If you’re curious what people really liked, we can say that by far, the pot pie and cake took home the top mentions from the crowd. Everyone loves pot pie. It screams ‘home’, and we’re just sliding into the fall season, so it’s the best time to eat them. We’ll have to make it again and share the recipe because we know you’ll just die when you eat it! We think the bacon puffs took people by surprise because they do combine really bold flavors–salty bacon, sweet apples and pomegranate glaze and strong cheese. Corina did not have gorgonzola cheese in house, which is what we’ve used before, so she suggested a variety of blue cheese. We actually liked how it worked, but perhaps blue cheese is too strong for some people. To us, it was a nice substitution. We even had a friend who does not like blue cheese say that the appetizer was a delicious surprise to her. By the end of the night, we’d placed somewhere between 25 and 30 orders from our menu, so it was definitely a success in our book.

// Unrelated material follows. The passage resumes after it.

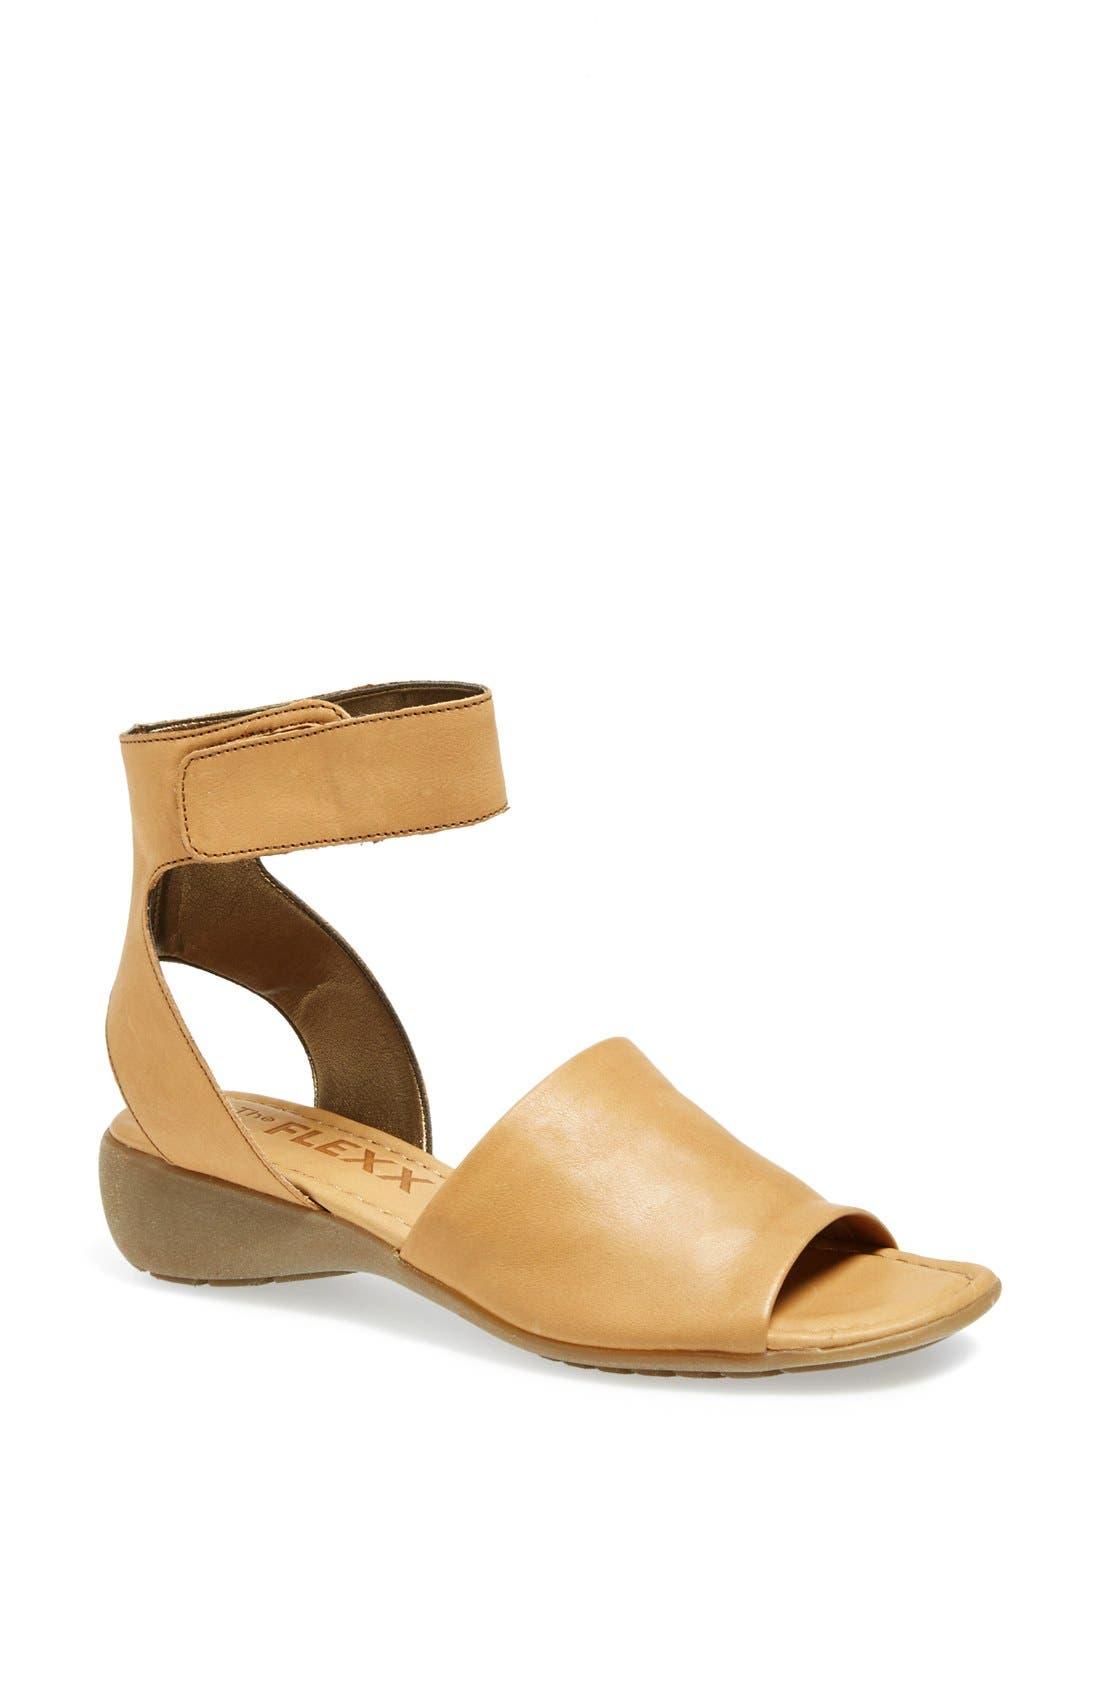 'Beglad' Leather Ankle Strap Sandal,                             Main thumbnail 9, color,

Throughout this whole process we were happy and honestly stunned to see the efforts the staff and Corina made to maintain the integrity of our recipes. We were asked repeatedly if everything looked, tasted, smelled and felt as planned. Suggestions were made when necessary, but they were exactly that–suggestions. Never did we feel belittled, nor were we told how we should do something. The menu was our own, and in that respect, we felt like it was a little slice of time to shine. It was comforting to see every person there, staff and customers, genuinely invested and interested in our experience. We learned countless things that day, but a few highlights stand out more than others. We learned better ways to hold our knifes. We know that salt, lemon juice and olive oil make an easy and tasty salad dressing. We have stashed away a new recipe to cook whole fish–head and all–in a salt bake. We saw that a slab of butter really does make all the difference. We’ve reaffirmed that teamwork is key. We’ve once again confirmed that you don’t have to be a real chef to cook like one.

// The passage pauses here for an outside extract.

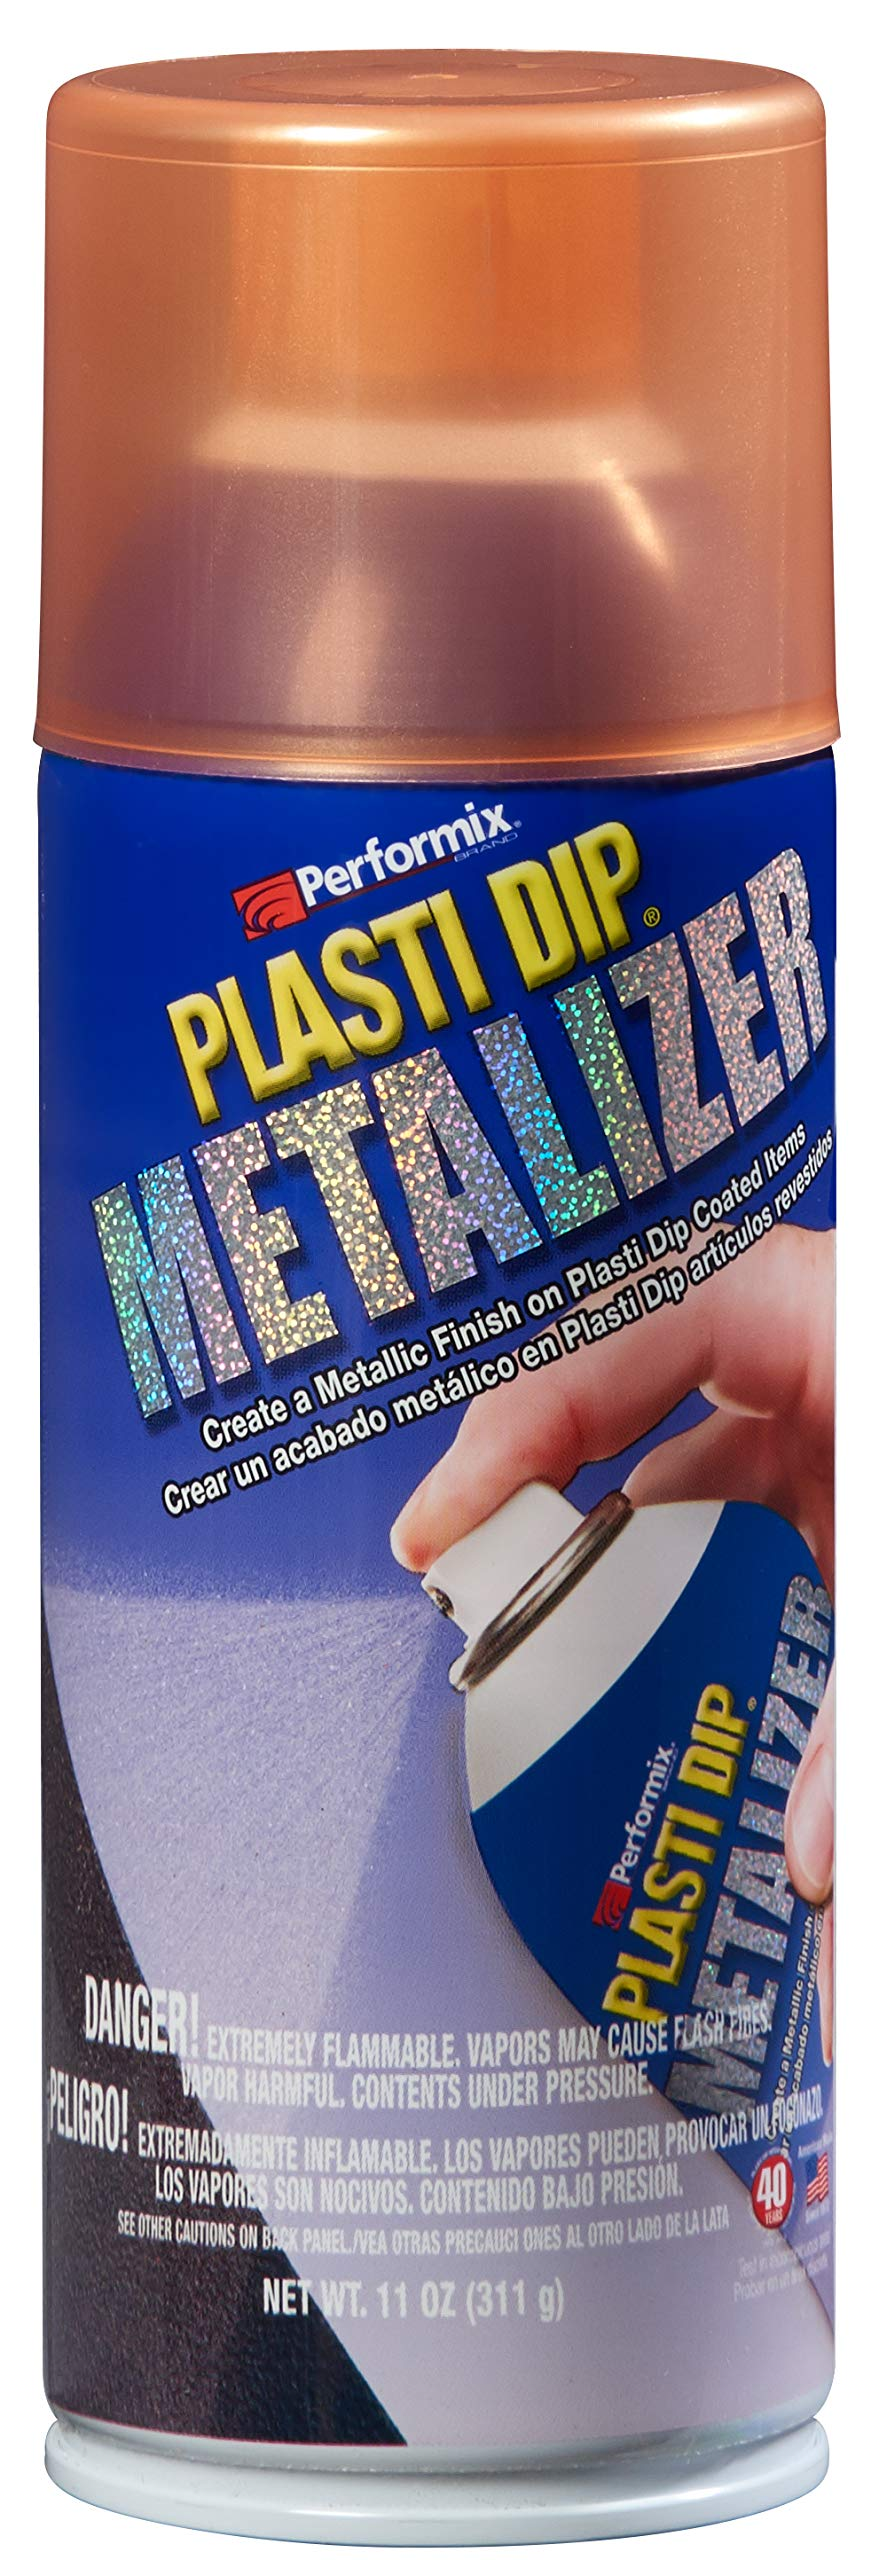 Plasti Dip Performix (11236-6-6PK) Copper Metalizer Enhancer - 11 oz. Aerosol, (Pack of 6)

Our shift ended around 9:30 pm when Chef Corina said we should take a seat and have dinner. We took a seat at a booth and ate the same meal we’d help serve to people earlier in the night. We were tired. Oh so tired. You could read it in our faces. At the same time, we were definitely happy to have had the opportunity to work behind the line and see how things operate in a true restaurant kitchen. Our biggest thanks go out to Chef Corina, Jane, David, B.J., Gregory, Megan, Ashley, Anna, Marta, Laura and Cesar for their guidance and patience. And letting us become a chef for a day!